Торопливо ушёл, несколько дней провёл как в забытьи, жалобно, почти слёзно вымаливая у Господа сил, сна, покоя, забвения… И Сын Божий сжалился над ним. Прошлое сначала помутнело в памяти, потом стало погасать, и наконец Жоэль обрёл странное свойство, кое потом всю жизнь изумляло его самого. Он умел теперь жить подлинно только днём нынешним, прошлое исчезало,
Жоэль уехал на родину, побывал в Греции, через год вступил в монашеский орден иезуитов, почти восемь лет прожил в Италии, однако, затем по делам ордена был направлен в Париж. Он не искал встреч с Камилем де Серизом в Париже, но столкнулся с ним в первый же день по приезде. Был изумлен. Бывший сокурсник сильно постарел и погрубел, выглядел куда старше своих лет, но приобрёл светский лоск и житейский опыт. Он всячески избегал де Сен-Северена, ускользал от бесед и уклонялся от объяснений.
Это было нетрудно — аббат и не думал преследовать де Сериза или досаждать ему.
Между тем фамильные связи открыли аббату двери лучших домов, и вскоре он стал завсегдатаем салона маркизы де Граммон: особняк её был недалеко от его дома, хозяйка была особой зрелых лет, обстановка уютной и спокойной, люди приходили солидные. Вскоре де Сен-Северен с некоторым удивлением заметил, что обрекая себя на встречи с ненавистным соперником, туда весьма часто заходит и де Сериз…

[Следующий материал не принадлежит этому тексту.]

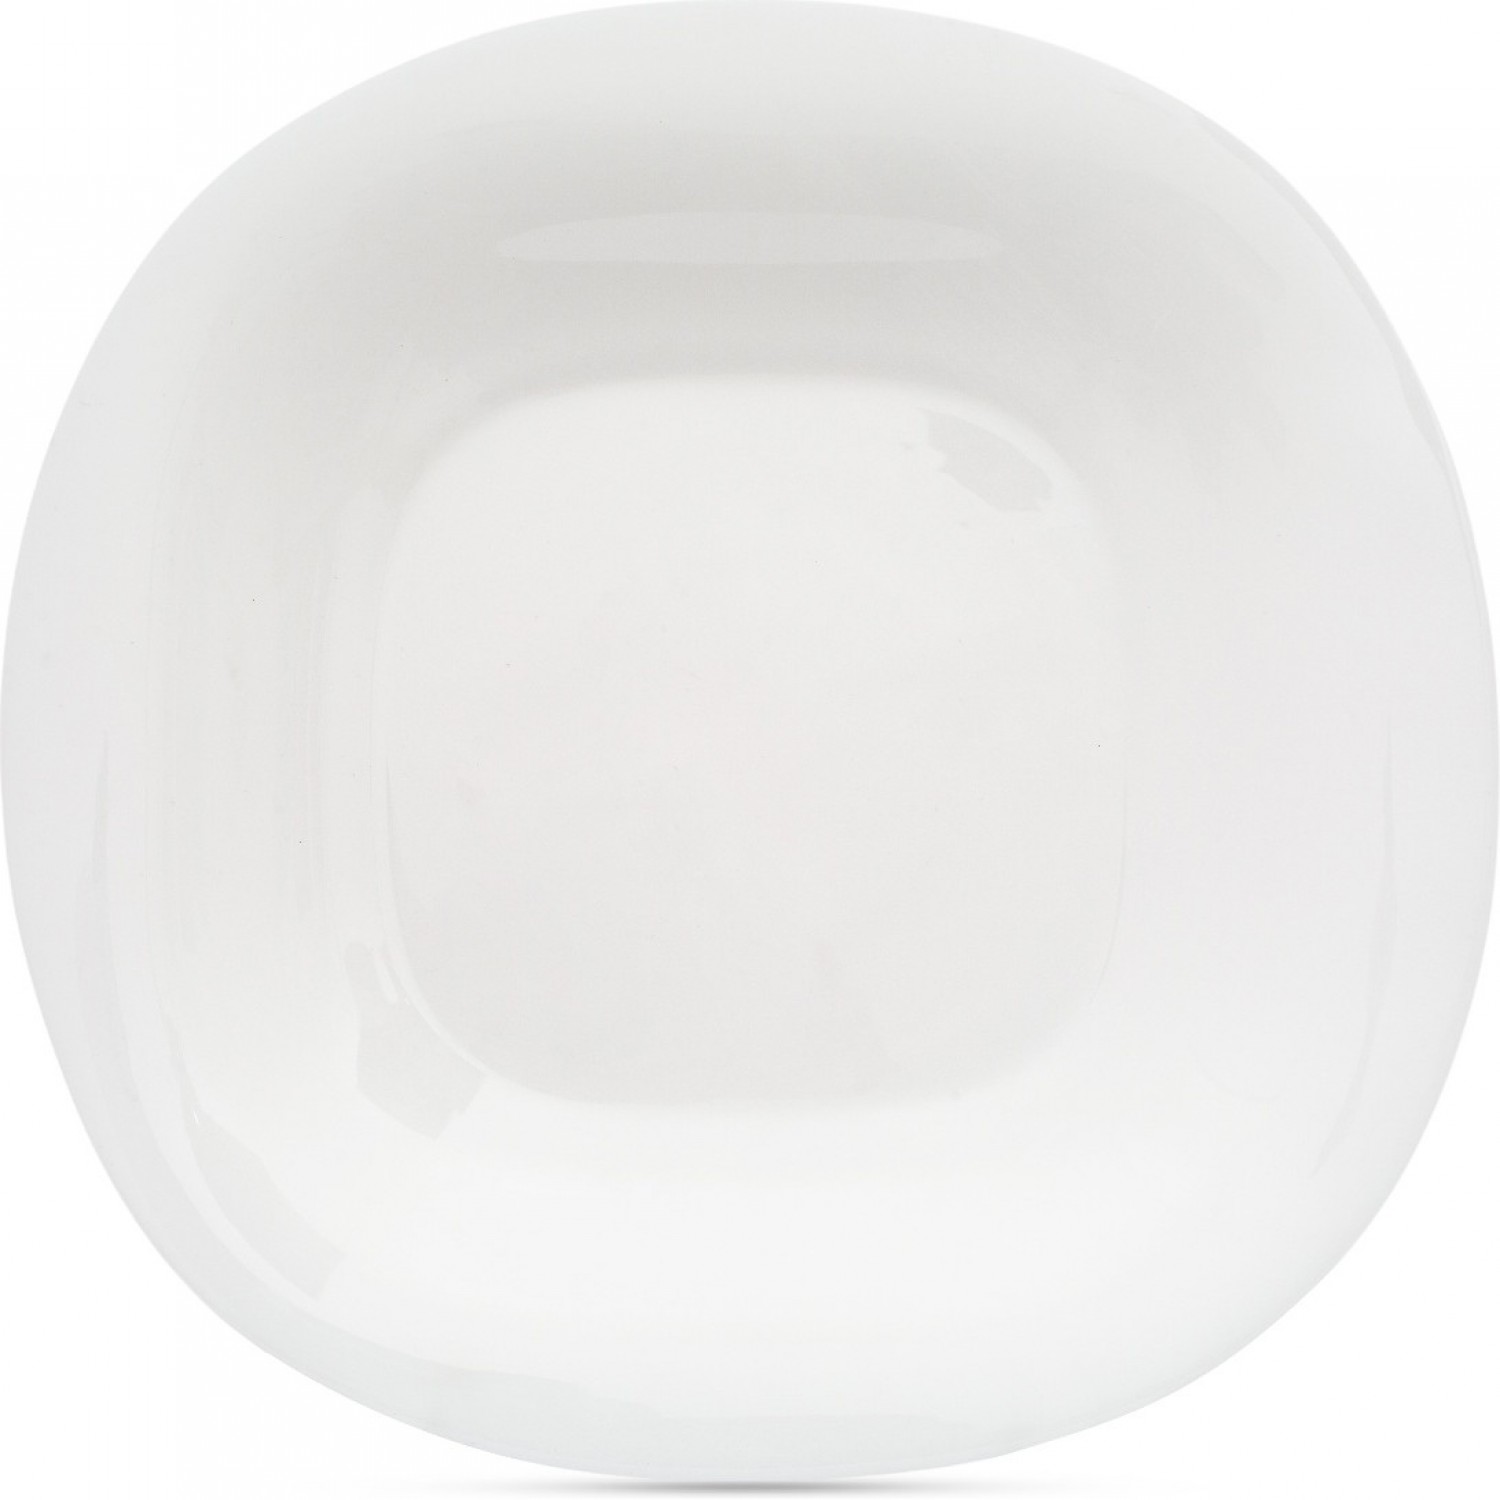 Тарелка обеденная КАРИН БЕЛЫЙ 26см LUMINARC N6804 тарелка обеденная luminarc нью карин h5604 26см белый

Сейчас де Сен-Северен с тревогой подумал, что не может определить, что именно обеспокоило его. Неужели только мерзкое в порочной гримасе лицо де Сериза? Он ничего не знал о том, как Камиль жил все эти годы, но полагал, что тот мало изменился. Что уронил Камиль недавно в гостиной? «Мораль лишь измучила и истерзала слабые и легковерные души, но не смогла удержать никого, увлечённого сильной страстью…»
Что ж, страсть мсье де Сериза Жоэль уже видел. И, похоже, теперь эта страсть стала подлинно укоренившейся привычкой, а значит, управляла уже самим Камилем. Улыбка де Сериза над гробом несла отпечаток застарелой порочности, Жоэль, священник, всегда старавшийся постичь движения душ сынов человеческих, неоднократно встречал такую на лицах отъявленных распутников. К тому же краем уха де Сен-Северен слышал в обществе молву, что де Сериз слывёт человеком безнравственным, которого разумная мать никогда не оставит наедине с неопытной дочерью. Это проронил в разговоре с ним самим Одилон де Витри, человек, в порядочности которого аббат никогда не сомневался.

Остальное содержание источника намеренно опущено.